DATA SHOWN:
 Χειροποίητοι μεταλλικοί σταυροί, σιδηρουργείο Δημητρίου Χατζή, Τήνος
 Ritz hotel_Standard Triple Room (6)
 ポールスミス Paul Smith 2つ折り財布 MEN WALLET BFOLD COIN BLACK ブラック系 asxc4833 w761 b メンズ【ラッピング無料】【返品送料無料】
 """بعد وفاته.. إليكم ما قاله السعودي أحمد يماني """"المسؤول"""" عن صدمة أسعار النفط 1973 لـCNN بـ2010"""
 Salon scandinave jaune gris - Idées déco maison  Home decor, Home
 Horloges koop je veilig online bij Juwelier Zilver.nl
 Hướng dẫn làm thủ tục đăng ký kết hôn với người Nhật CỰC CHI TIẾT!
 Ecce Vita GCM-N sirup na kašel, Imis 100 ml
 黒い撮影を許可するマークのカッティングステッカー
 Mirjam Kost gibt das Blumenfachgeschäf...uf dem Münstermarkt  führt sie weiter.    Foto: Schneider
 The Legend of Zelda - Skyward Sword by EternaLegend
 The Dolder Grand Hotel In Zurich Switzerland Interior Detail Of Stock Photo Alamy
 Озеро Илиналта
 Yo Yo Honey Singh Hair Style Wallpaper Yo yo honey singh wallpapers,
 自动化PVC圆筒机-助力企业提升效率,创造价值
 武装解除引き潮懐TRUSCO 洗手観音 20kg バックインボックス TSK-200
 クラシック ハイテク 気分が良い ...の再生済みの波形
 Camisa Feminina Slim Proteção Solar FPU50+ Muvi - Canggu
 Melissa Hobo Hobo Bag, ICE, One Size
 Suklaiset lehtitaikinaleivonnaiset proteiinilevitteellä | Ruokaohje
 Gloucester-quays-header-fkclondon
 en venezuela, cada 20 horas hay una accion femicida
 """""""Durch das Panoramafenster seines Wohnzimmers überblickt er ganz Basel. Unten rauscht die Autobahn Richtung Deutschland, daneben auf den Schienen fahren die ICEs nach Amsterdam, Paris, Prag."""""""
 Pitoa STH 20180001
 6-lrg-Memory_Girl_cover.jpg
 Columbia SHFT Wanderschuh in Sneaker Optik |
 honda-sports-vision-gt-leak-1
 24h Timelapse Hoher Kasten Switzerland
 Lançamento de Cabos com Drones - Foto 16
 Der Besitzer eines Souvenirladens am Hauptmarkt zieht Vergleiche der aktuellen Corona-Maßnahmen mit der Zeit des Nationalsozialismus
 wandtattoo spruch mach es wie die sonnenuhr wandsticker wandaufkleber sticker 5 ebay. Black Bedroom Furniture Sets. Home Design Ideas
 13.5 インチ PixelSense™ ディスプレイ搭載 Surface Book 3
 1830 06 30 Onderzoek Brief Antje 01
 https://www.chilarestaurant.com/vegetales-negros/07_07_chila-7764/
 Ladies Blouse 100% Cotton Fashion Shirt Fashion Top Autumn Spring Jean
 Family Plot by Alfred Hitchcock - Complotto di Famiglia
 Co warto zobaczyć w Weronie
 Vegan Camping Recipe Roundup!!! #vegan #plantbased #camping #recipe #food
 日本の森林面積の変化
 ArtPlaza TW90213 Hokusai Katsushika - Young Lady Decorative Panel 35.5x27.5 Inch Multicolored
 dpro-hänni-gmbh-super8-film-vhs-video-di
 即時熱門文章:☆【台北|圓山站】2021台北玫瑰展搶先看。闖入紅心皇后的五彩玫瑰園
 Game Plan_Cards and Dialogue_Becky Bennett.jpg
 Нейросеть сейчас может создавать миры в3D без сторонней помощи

EXERCISE:
Taking the entries above, print exactly the lines starting at the line with "Ecce Vita GCM-N sirup na kašel, Imis 100 ml" and ending at the line with "クラシック ハイテク 気分が良い ...の再生済みの波形", both included.

WRITTEN RESPONSE:
 Ecce Vita GCM-N sirup na kašel, Imis 100 ml
 黒い撮影を許可するマークのカッティングステッカー
 Mirjam Kost gibt das Blumenfachgeschäf...uf dem Münstermarkt  führt sie weiter.    Foto: Schneider
 The Legend of Zelda - Skyward Sword by EternaLegend
 The Dolder Grand Hotel In Zurich Switzerland Interior Detail Of Stock Photo Alamy
 Озеро Илиналта
 Yo Yo Honey Singh Hair Style Wallpaper Yo yo honey singh wallpapers,
 自动化PVC圆筒机-助力企业提升效率,创造价值
 武装解除引き潮懐TRUSCO 洗手観音 20kg バックインボックス TSK-200
 クラシック ハイテク 気分が良い ...の再生済みの波形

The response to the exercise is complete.